FastFlow Tutorial
Contents
FastFlow
FastFlow is an open-source, structured parallel programming framework targeting shared memory multi-core and GPUs (using both CUDA and OpenCL). Support for FPGA and DSP accelerators is currently on-going within the REPARA FP7 project (http://repara-project.eu/).
FastFlow provides the parallel applications programmer with a set of ready-to-use, parametric algorithmic skeletons modelling the most common parallelism exploitation patterns. The skeletons provided may be almost freely nested to model more and more complex parallelism exploitation patterns.
The framework is provided as a set of header files.

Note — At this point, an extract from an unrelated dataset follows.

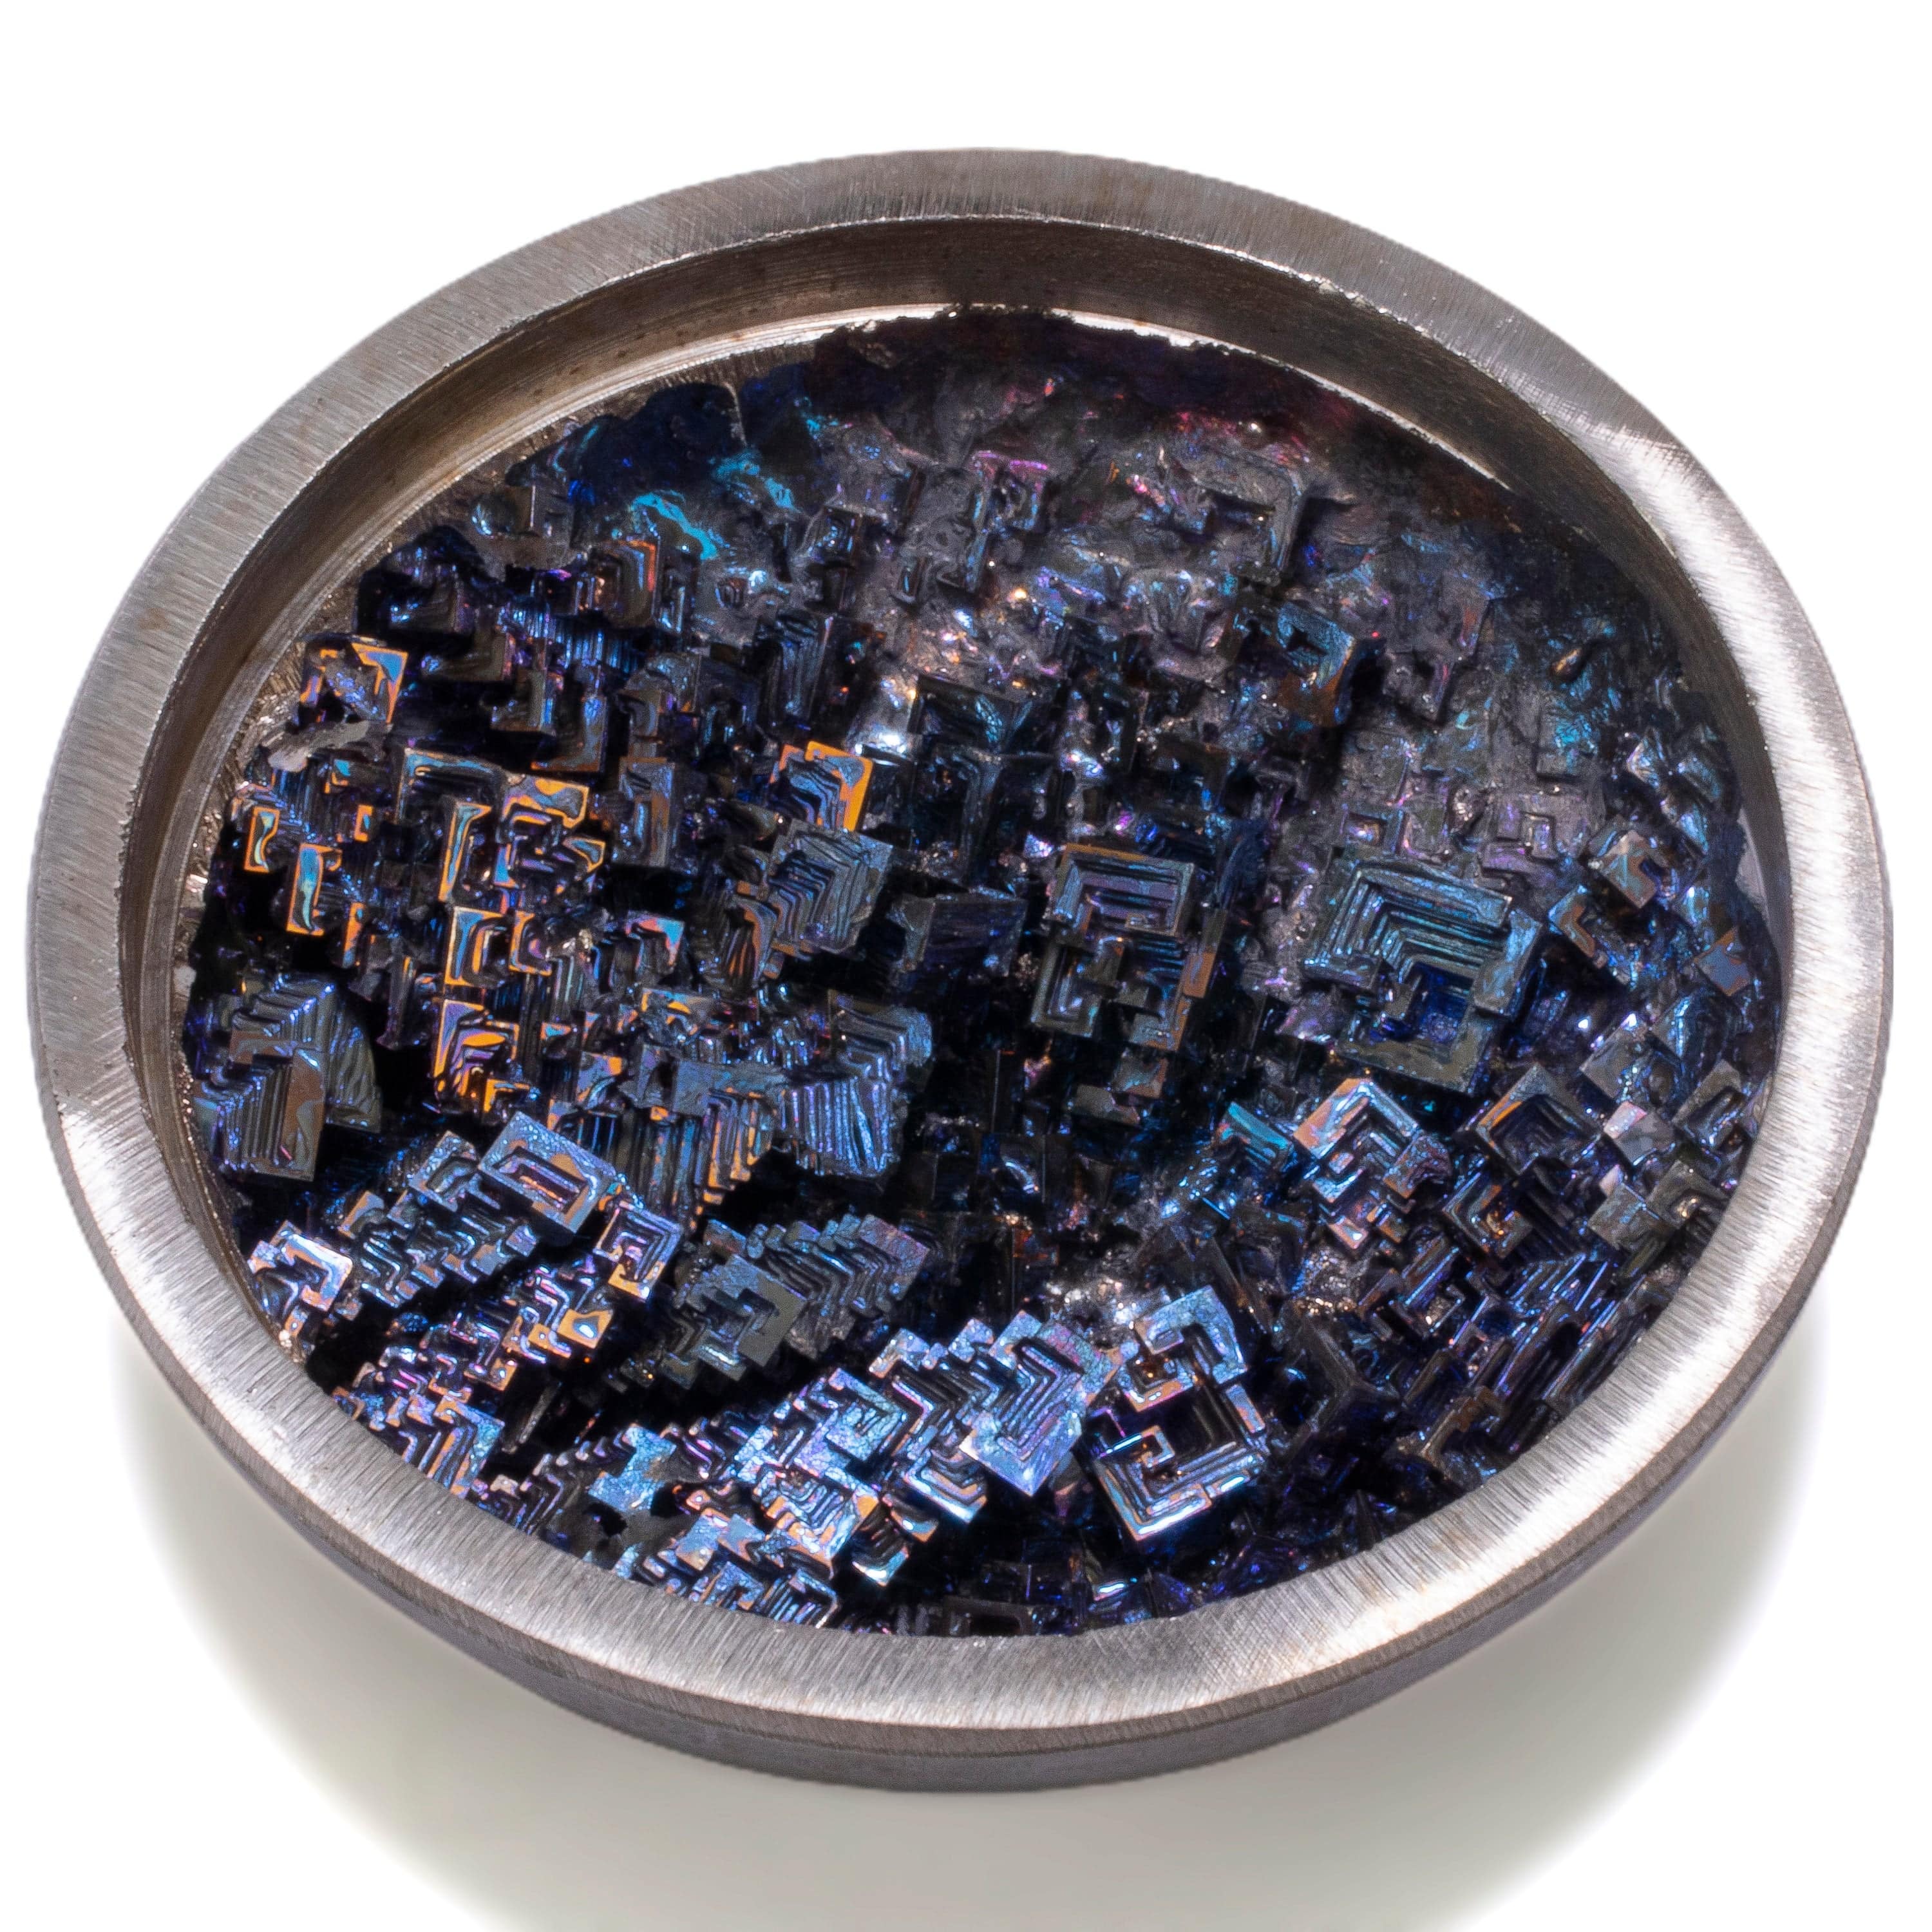 KALIFANO TUMBLED STONES Purple Bismuth Ore Bowl - 4" BISMUTH-B-PP

The last version of the FastFlow code can be download from the Sourceforge svn repository using the following command:
svn co https://svn.code.sf.net/p/mc-fastflow/code fastflow
Project Home
The FastFlow project web site is: http://calvados.di.unipi.it/fastflow
Requirements
- Linux operating system (it is possible to use also a Mac OS and Windows OSs but it is not recommended for the tutorial session).

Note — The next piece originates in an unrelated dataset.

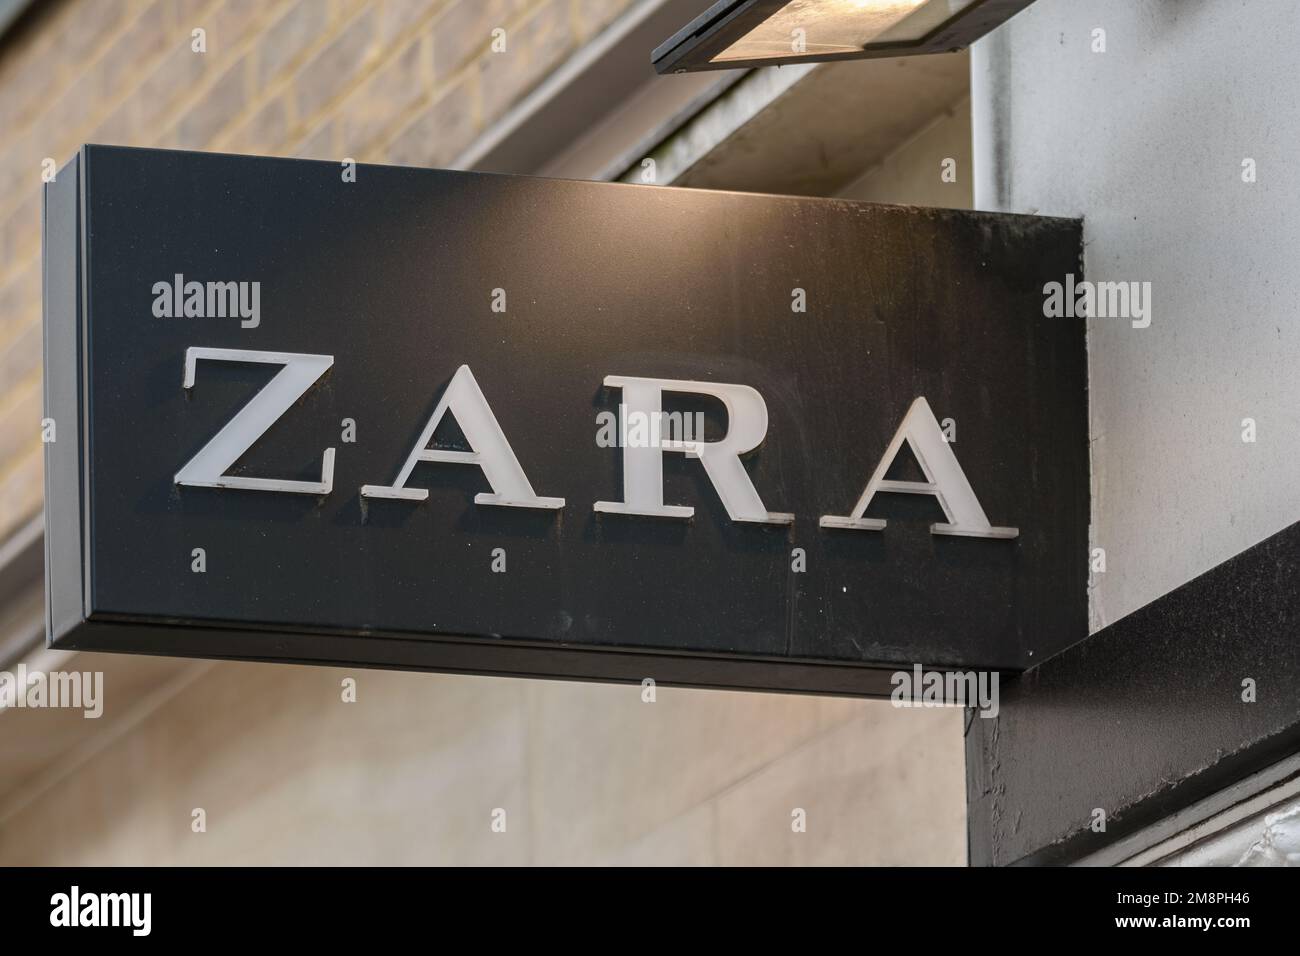 Zara fashion store brand outside one of their clothing shops in London, UK  Stock Photo - Alamy

- A compiler supporting C++11 (gcc > 4.7.x is ok)
- For running some of the tests provided in the tutorial session it is need OpenCV and ImageMagick and OpenCL SDK
Everything you need to compile and run the tests has been prepared in the Virtual Machine provided during the session (Linux VMs).
Documentation
Session Agenda
- Introduction to FastFlow
- Structured Parallel Programming
- Stream concept
- FastFlow's building blocks
- FastFlow's core streaming patterns: pipeline and task-farm
- How to build a pipeline based application
- How to build a task-farm based application
- The image filtering application example using ImageMagick
- Proposed exercise: simple files compressor using miniz.c
- High-level data-parallel patterns
- ParallelFor* and Map
- Sobel filter apllication example
- Mandelbrot set application example
- Proposed exercise: finding the minimum and the index of the minimum value in an array
- Sketch of other High-level pattern
- The ff_mdf (macro) data-flow pattern
- A simple parallel work-flow computation
- The StencilReduceLoop (pattern OpenCL version)
- The image filtering application running on the CPU and on the GPU (using OpenCL)

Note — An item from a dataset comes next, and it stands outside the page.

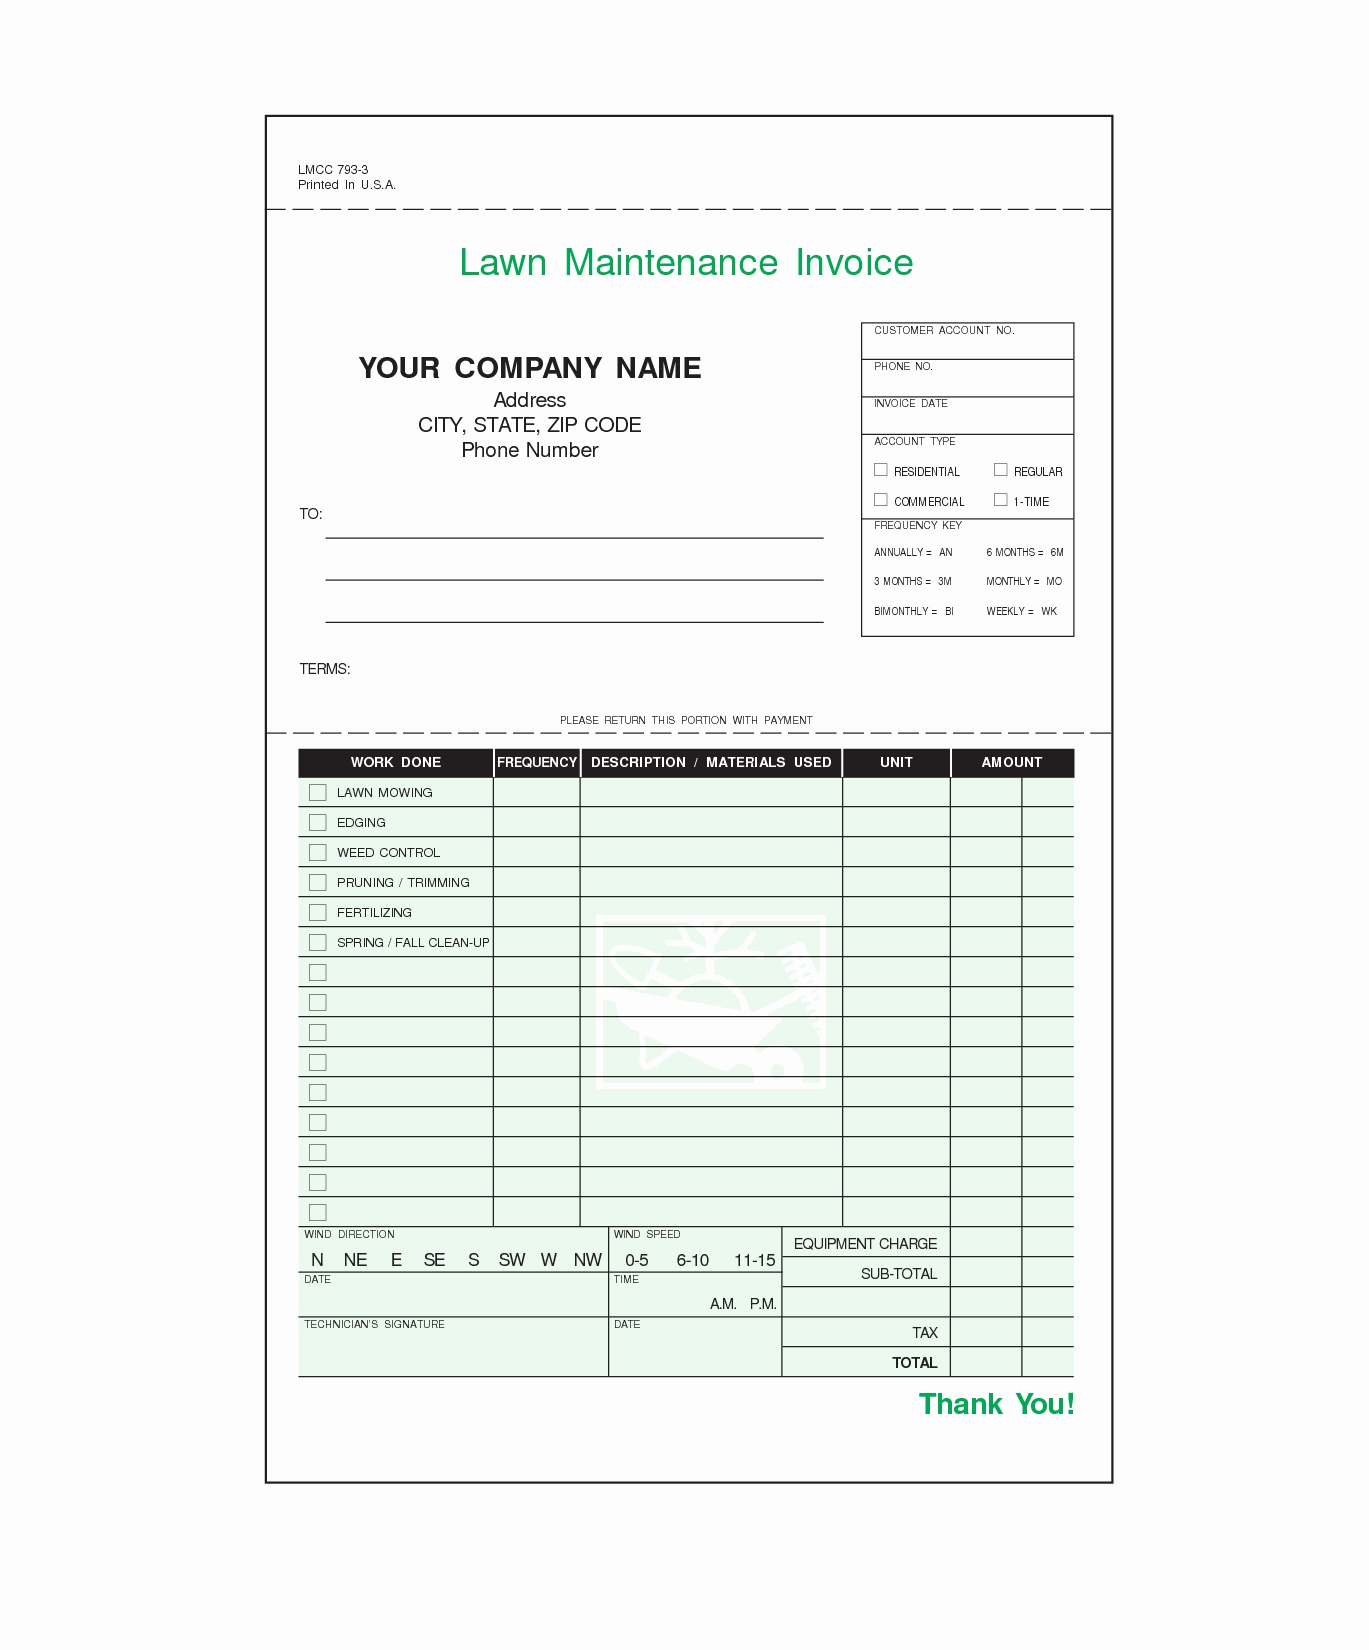 Lawn Service Invoice Template Excel Elegant Lawn Maintenance Invoice forms – Db Excel

- Targeting distributed systems (basic concepts)
- The image filtering application executed on 2 machines
Proposed Exercises
Exercise1 (pipeline computation)
Consider the simplecomp.cpp file implementing a very naive file compressor using the miniz routines. It compresses the entire file in memory and then writes the compressed memory file into disk.
- Modify the sequential code in order to implement a 3-stage pipeline:
- the first stage reads files from disk (file names are passed in the command line);
- the second stage compresses each input file in memory;
- the third stage writes the compressed memory file onto the disk.
Compile cmd: g++ -std=c++11 simplecomp.cpp -o simplecomp
To decompress the files you can use this simple code compdecomp.cpp
Possible solution here.
Exercise2 (pipeline and task-farm computation)
Solve the Exercise1 using a task-farm instead of a pipeline. The task-farm's Emitter reads files from the disk, the Workers compress them in parallel and finally the Collector stores the compressed memory file received from workers onto the disk.
Try experimenting with the default task-farm scheduling policy and with the auto-scheduling policy (ondemand scheduling).
Possible solution here
Exercise 3 (data-parallel computation)
Consider the arrayminindex.cpp file implementing a sequential computation on a vector of double elements whose size is given as input parameter. The code finds the minimum of the array and the index of the minimum value in the array. As an example, having in input the following array:
0 1 2 3 4 5 6 7 8 9 index -------------------------------- 31 52 11 13 3 12 23 64 2 12 values --------------------------------
the result is <2, 8>.
Modify the sequential code in order to execute the computation in parallel using a ParallelFor* pattern.
Compile cmd: g++ -std=c++11 -I ~/fastflow arrayminindex.cpp -o arrayminindex
Possible solution here.